‘We will hear it’: Supreme Court on pending pleas difficult electoral bond scheme

The Supreme Court Tuesday agreed to take up for listening to a pending plea difficult the Centre’s Electoral Bond Scheme, 2018. Chief Justice of India N V Ramana advised Advocate Prashant Bhushan, who talked about the matter, that the courtroom would have heard it earlier however for Covid-19. “We will hear it,” the CJI mentioned.

Seeking an pressing listening to, Bhushan mentioned that there’s a information that an organization in Kolkata paid Rs 40 crore to keep away from a raid. “It’s distorting democracy,” he contended.

The prime courtroom is seized of petitions filed by two NGO’s – Common Cause and Association for Democratic Reforms (ADR) – difficult the scheme.

In March 2021, the SC had dismissed ADR’s prayer to remain any contemporary sale of electoral bonds whereas an earlier petition filed by it towards the scheme is pending. Disputing the NGO’s contentions concerning “complete anonymity” of the bond purchasers, the courtroom mentioned “it is not as though the operations under the scheme are behind iron curtains incapable of being pierced”.

The courtroom identified that the bonds had already been issued previously – in 2018, 2019 and 2020 — “without any impediment” and that it had already ordered “certain safeguards” by means of an interim order on April 12, 2019.

In its April 2019 interim order, which additionally got here on an software by the ADR, the Supreme Court had directed political events which have acquired donations by electoral bonds to “forthwith” submit the main points of those bonds to the Election Commission of India (ECI). That order too had come on the petition filed by the ADR in September 2017.

However, the NGO once more approached the courtroom contending that the identification of the donors might by no means be identified to the general public. It additionally referred to reservations raised by the Reserve Bank of India (RBI) and ECI to the scheme.

On the NGO’s arguments of anonymity, the courtroom mentioned, “Despite the fact that the Scheme provides anonymity, the Scheme is intended to ensure that everything happens only through banking channels. While the identity of the purchaser of the bond is withheld, it is ensured that unidentified/ unidentifiable persons cannot purchase the bonds and give it to the political parties. Under clause 7 of the Scheme, buyers have to apply in the prescribed form, either physically or online disclosing the particulars specified therein. Though the information furnished by the buyer shall be treated confidential by the authorised bank and shall not be disclosed to any authority for any purposes, it is subject to one exception namely when demanded by a competent court or upon registration of criminal case by any law enforcement agency. A non-KYC compliant application or an application not meeting the requirements of the scheme shall be rejected.”

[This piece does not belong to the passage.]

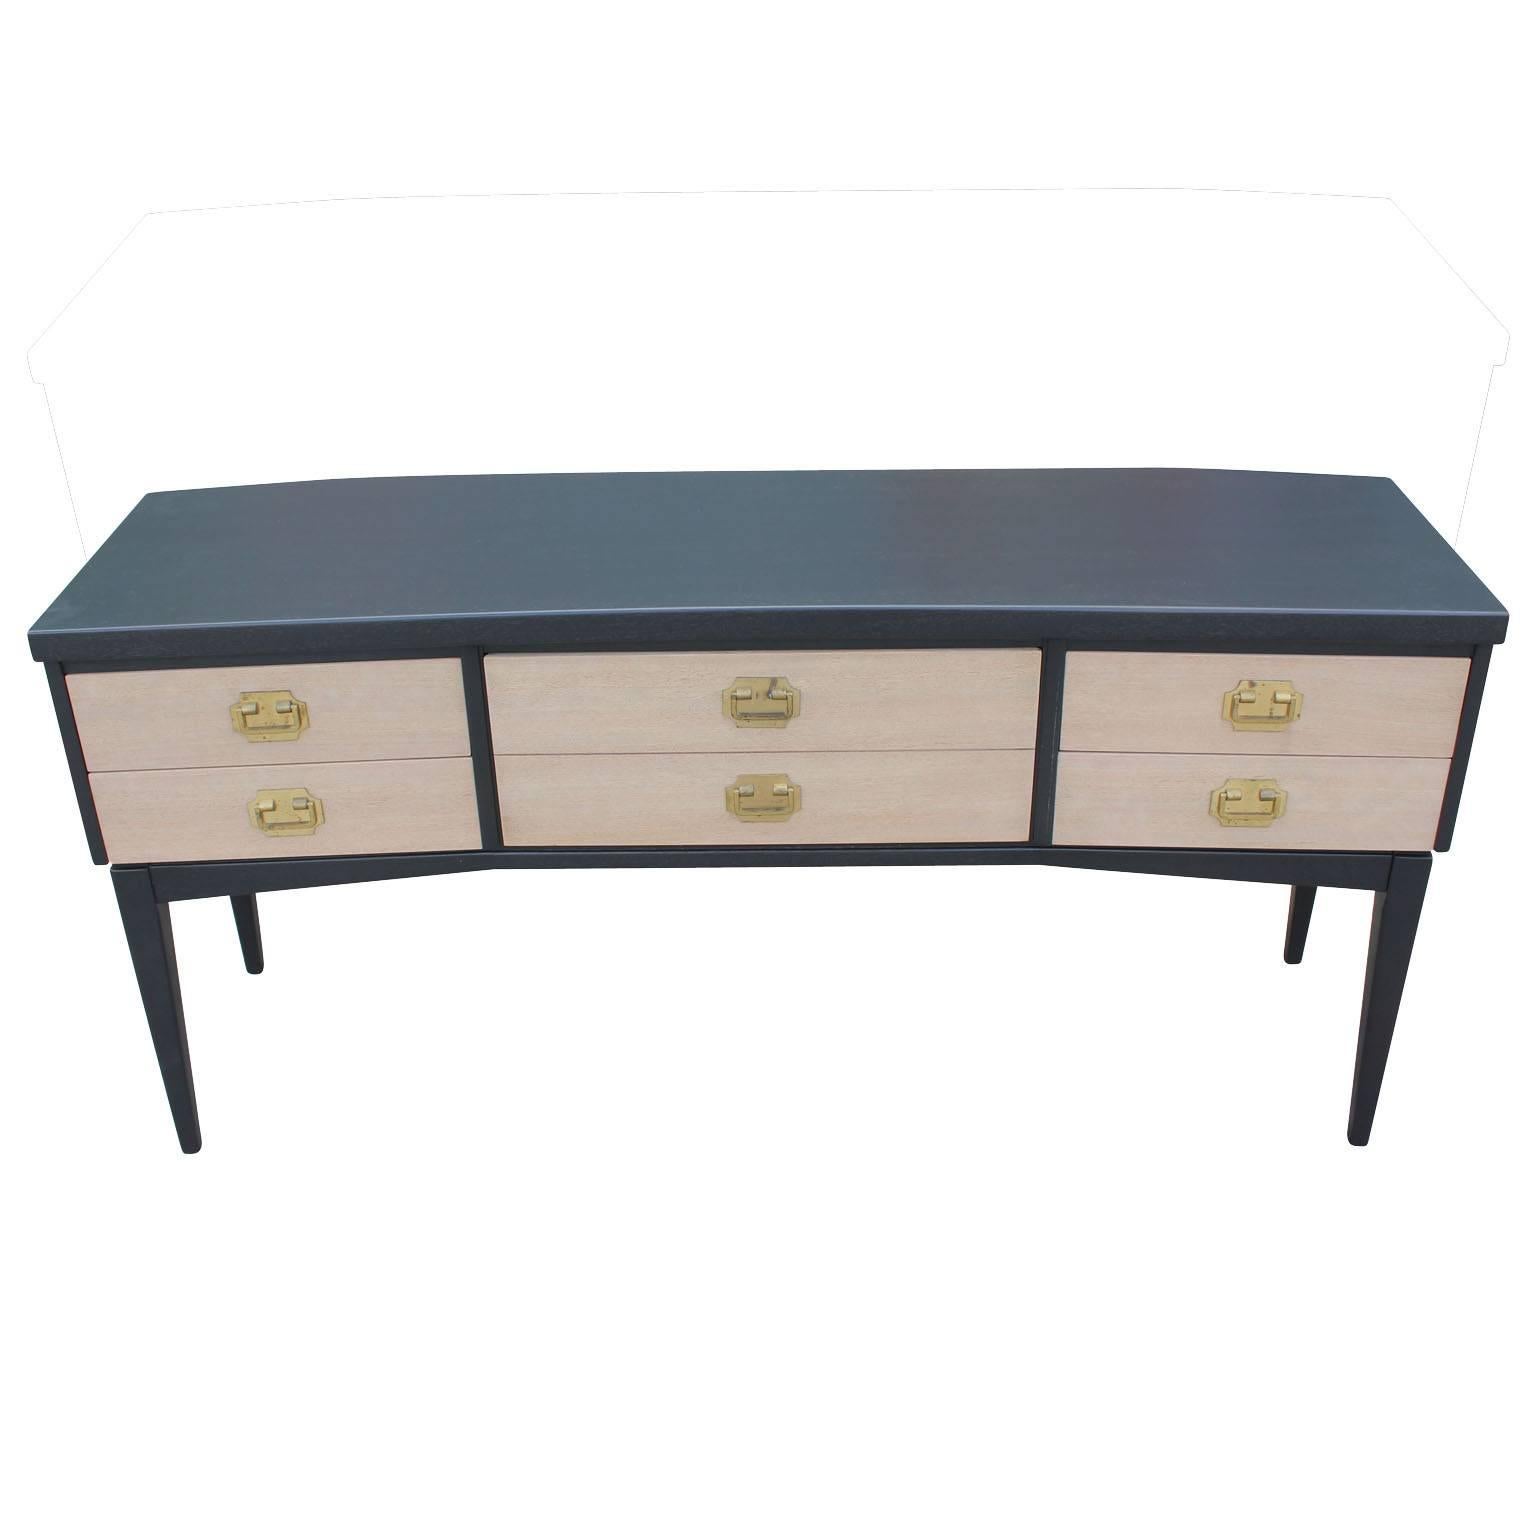 Beautiful two-toned sideboard / dresser/ Console with recently bleached and ebonized wood and outfitted with gorgeous brass hardware. This piece features five drawers; two small on the left and right, and a large drawer in the center. Would also

The Supreme Court bench additionally referred to the Election Commission receiving particulars of contributions acquired by bonds, in pursuance of its April 2019 order, and mentioned, “We do not know at this stage as to how far the allegation that under the Scheme, there would be complete anonymity in the financing of political parties by corporate houses, both in India and abroad, is sustainable”.

“If the purchase of the bonds as well as their encashment could happen only through banking channels and if purchase of bonds are allowed only to customers who fulfill KYC norms, the information about the purchaser will certainly be available with the SBI which alone is authorised to issue and encash the bonds as per the Scheme. Moreover, any expenditure incurred by anyone in purchasing the bonds through banking channels, will have to be accounted as an expenditure in his books of accounts. The trial balance, cash flow statement, profit and loss account and balance sheet of companies which purchase Electoral Bonds will have to necessarily reflect the amount spent by way of expenditure in the purchase of Electoral Bonds”, the bench identified.

“Also, under the Companies Act, 2013, every company is mandated to prepare and keep books of accounts and financial statement for every financial year and these statements are to be placed at every Annual General Meeting and then filed with the Registrar of Companies which in turn is accessible online on the website of the Ministry of Corporate Affairs for anyone or obtained in physical form from the Registrar of Companies upon payment of prescribed fee,” mentioned the Supreme Court.

The bench added, “Since the Scheme mandates political parties to file audited statement of accounts and also since the Companies Act requires financial statements of registered companies to be filed with the Registrar of Companies, the purchase as well as encashment of the bonds, happening only through banking channels, is always reflected in documents that eventually come to the public domain.”

“All that is required is a little more effort to cull out such information from both sides (purchaser of bond and political party) and do some ‘match the following’. Therefore, it is not as though the operations under the Scheme are behind iron curtains incapable of being pierced,” the courtroom mentioned.

On the objections of the RBI and EC, the courtroom mentioned, “It is true, as seen from the correspondence, that RBI has had some reservations. But it is not correct to say that the RBI and the Election Commission of India opposed the Electoral Bond Scheme itself.”